• **Exercise aim**:
Print only the lines below from the one with "En février, entre" to the one with "Magazinschrank mit Sichtlagerkästen", both included, exactly as they stand. Leave pictures out.

• **Material shown**:
▬▬▬
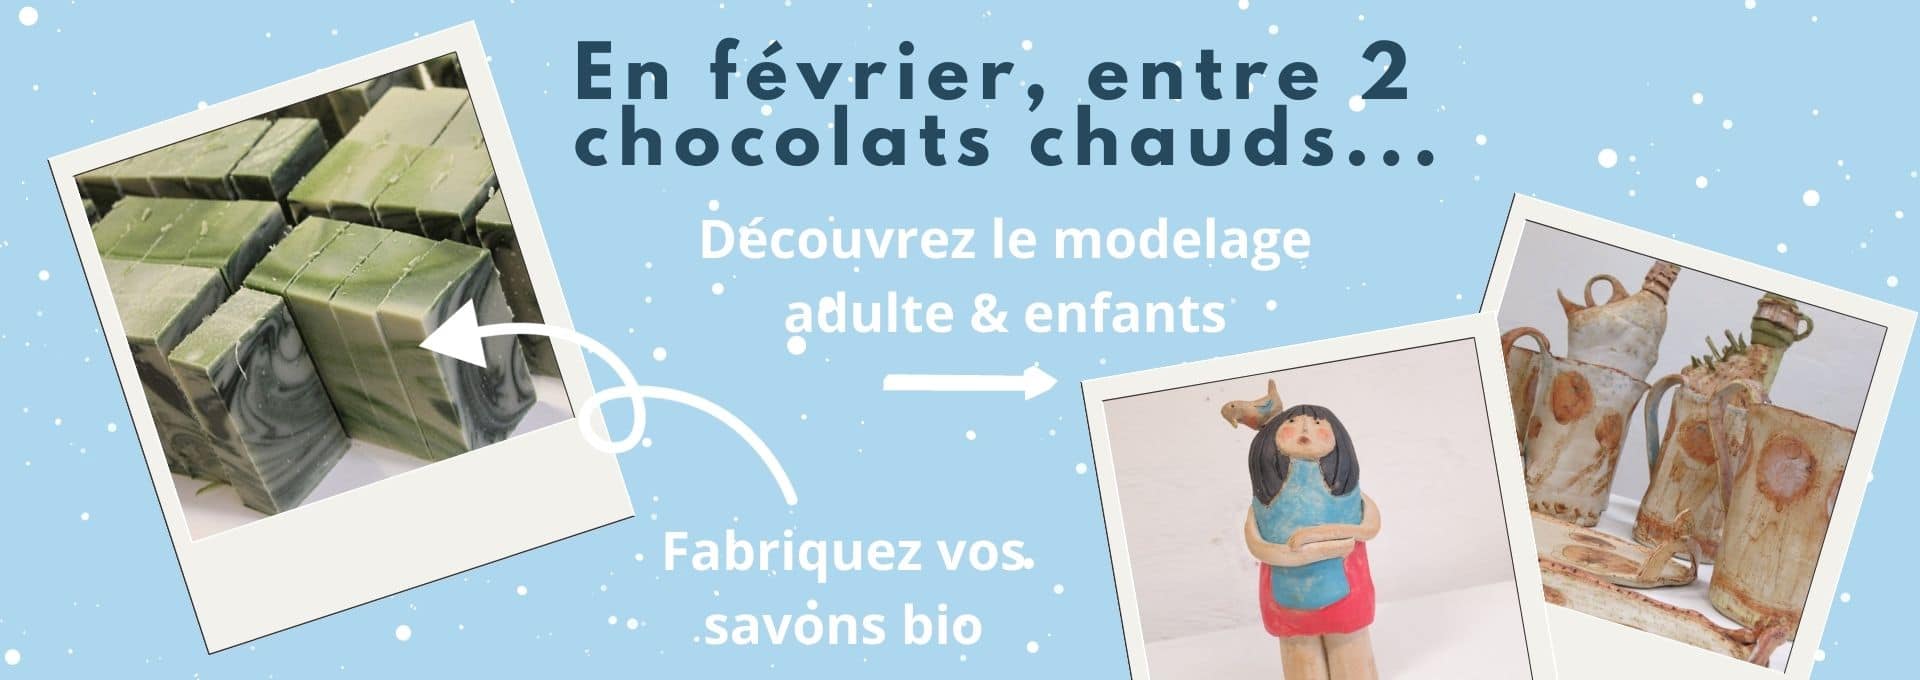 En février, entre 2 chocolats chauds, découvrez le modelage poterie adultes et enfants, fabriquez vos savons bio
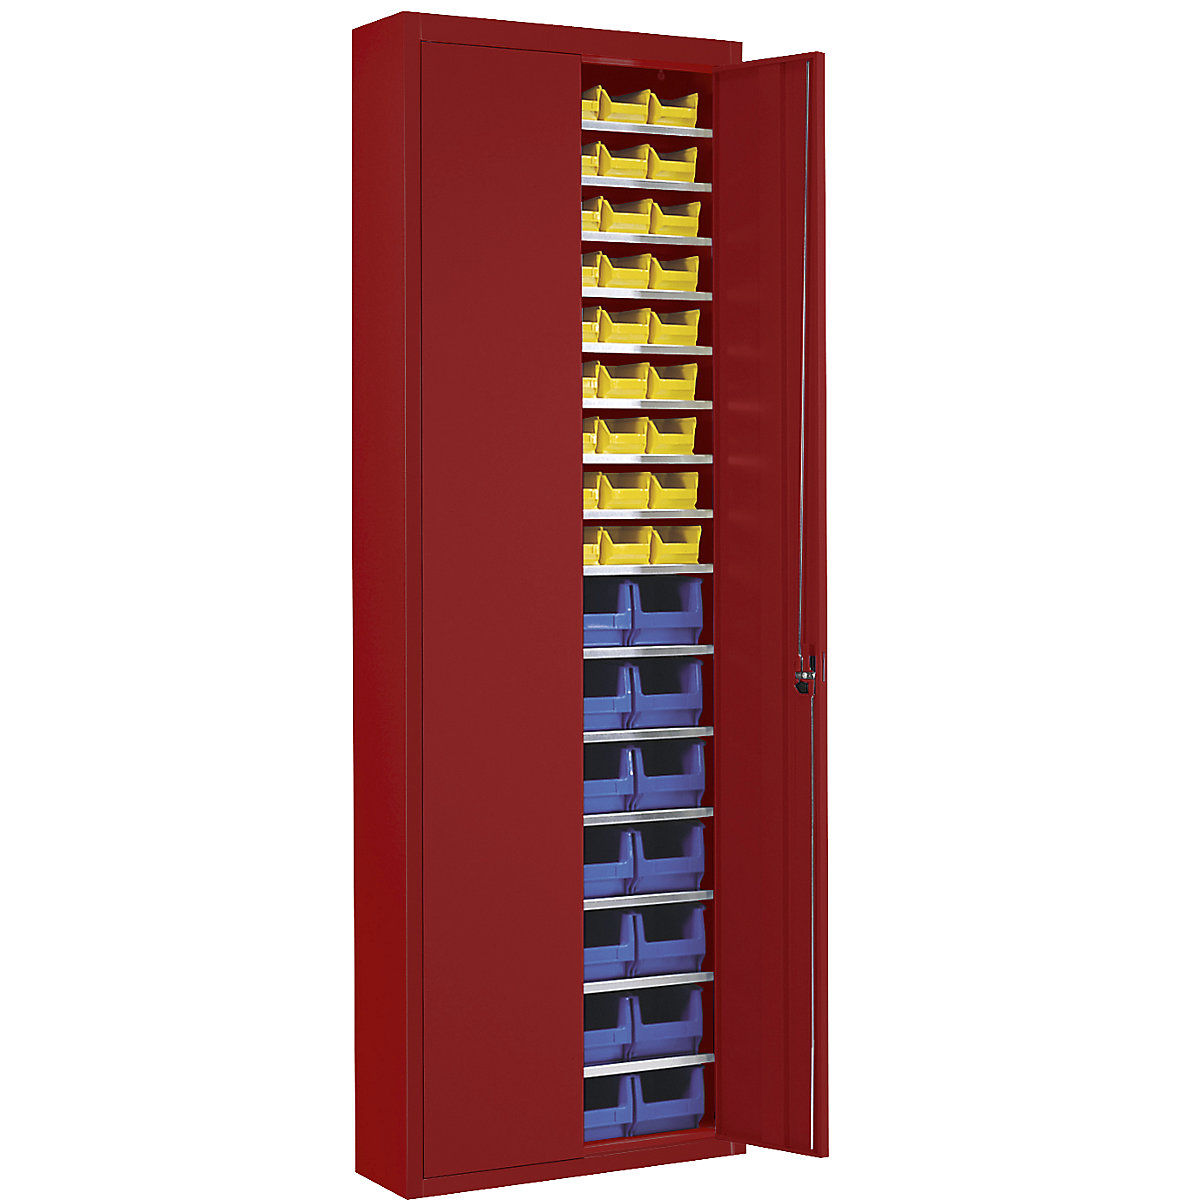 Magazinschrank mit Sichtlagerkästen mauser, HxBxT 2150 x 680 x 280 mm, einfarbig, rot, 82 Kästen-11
▬▬▬
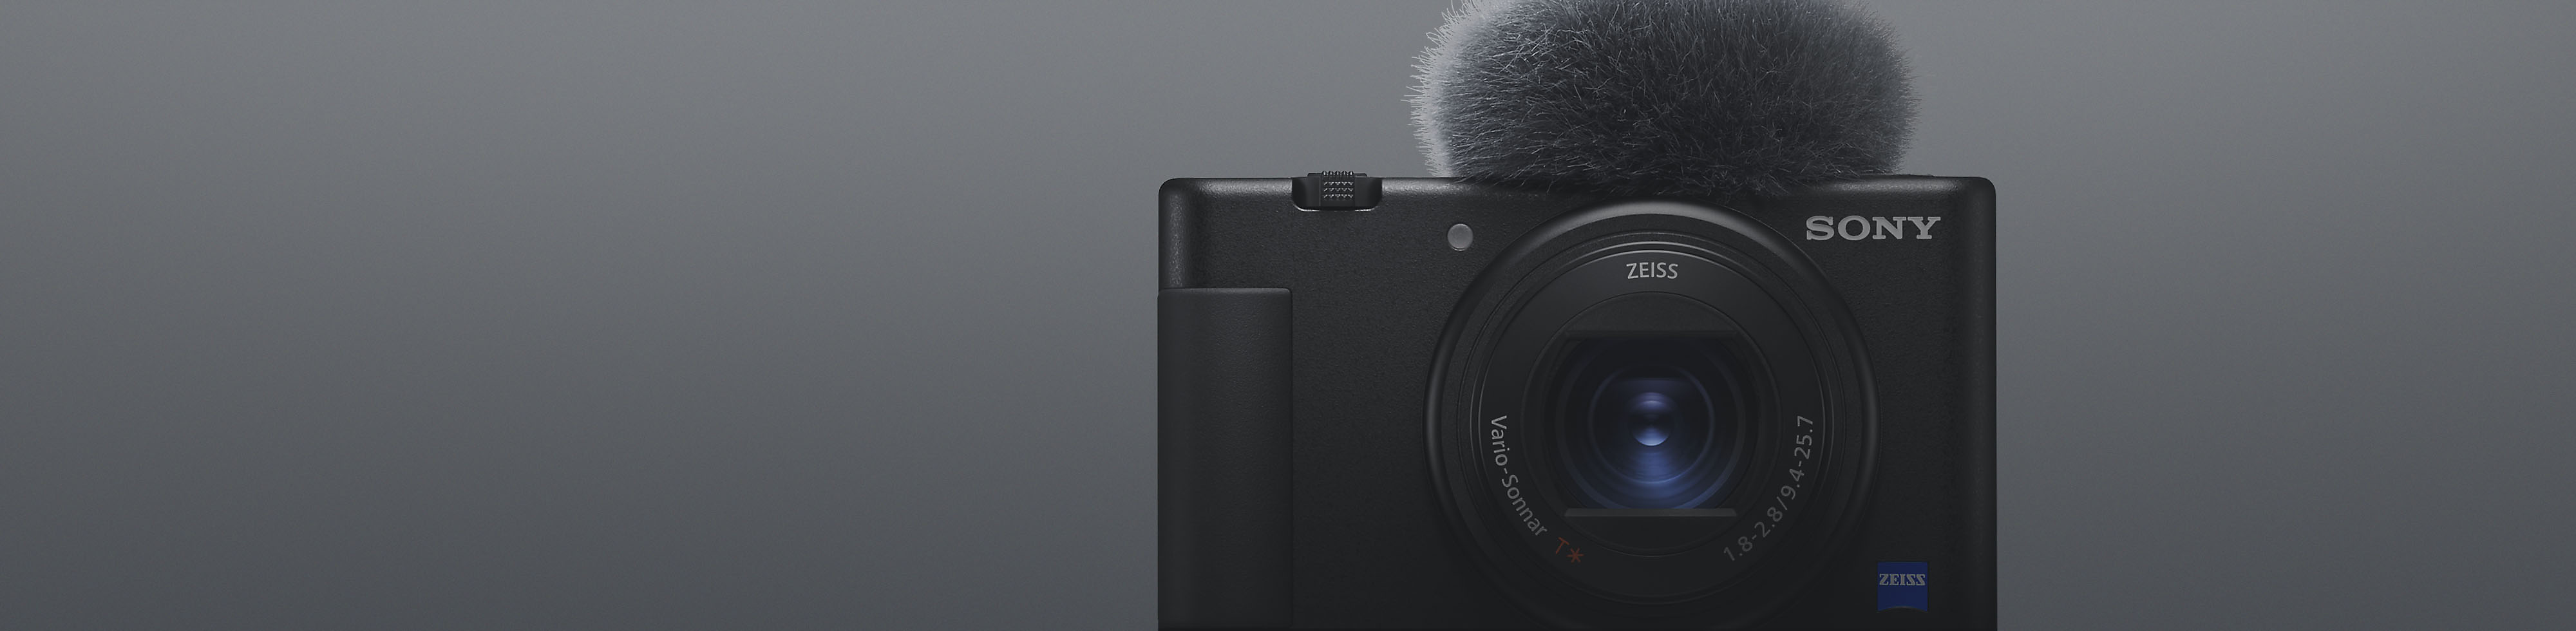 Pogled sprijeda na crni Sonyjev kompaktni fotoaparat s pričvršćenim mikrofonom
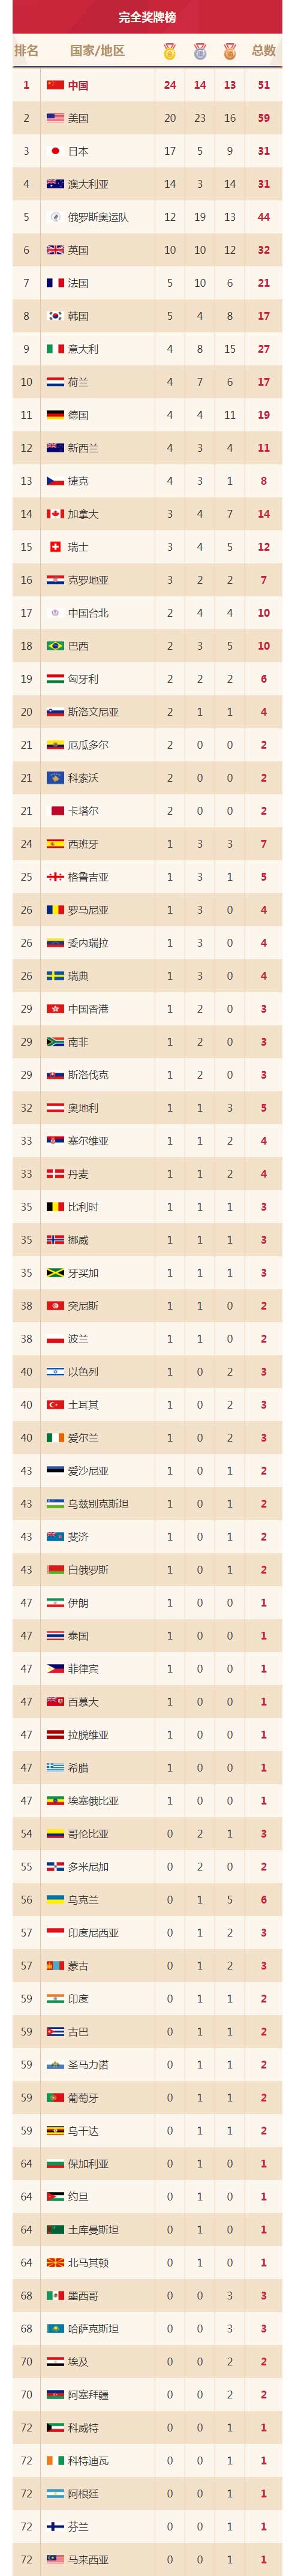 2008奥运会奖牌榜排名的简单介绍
▬▬▬
• **Solved problem**:
 En février, entre 2 chocolats chauds, découvrez le modelage poterie adultes et enfants, fabriquez vos savons bio
 Magazinschrank mit Sichtlagerkästen mauser, HxBxT 2150 x 680 x 280 mm, einfarbig, rot, 82 Kästen-11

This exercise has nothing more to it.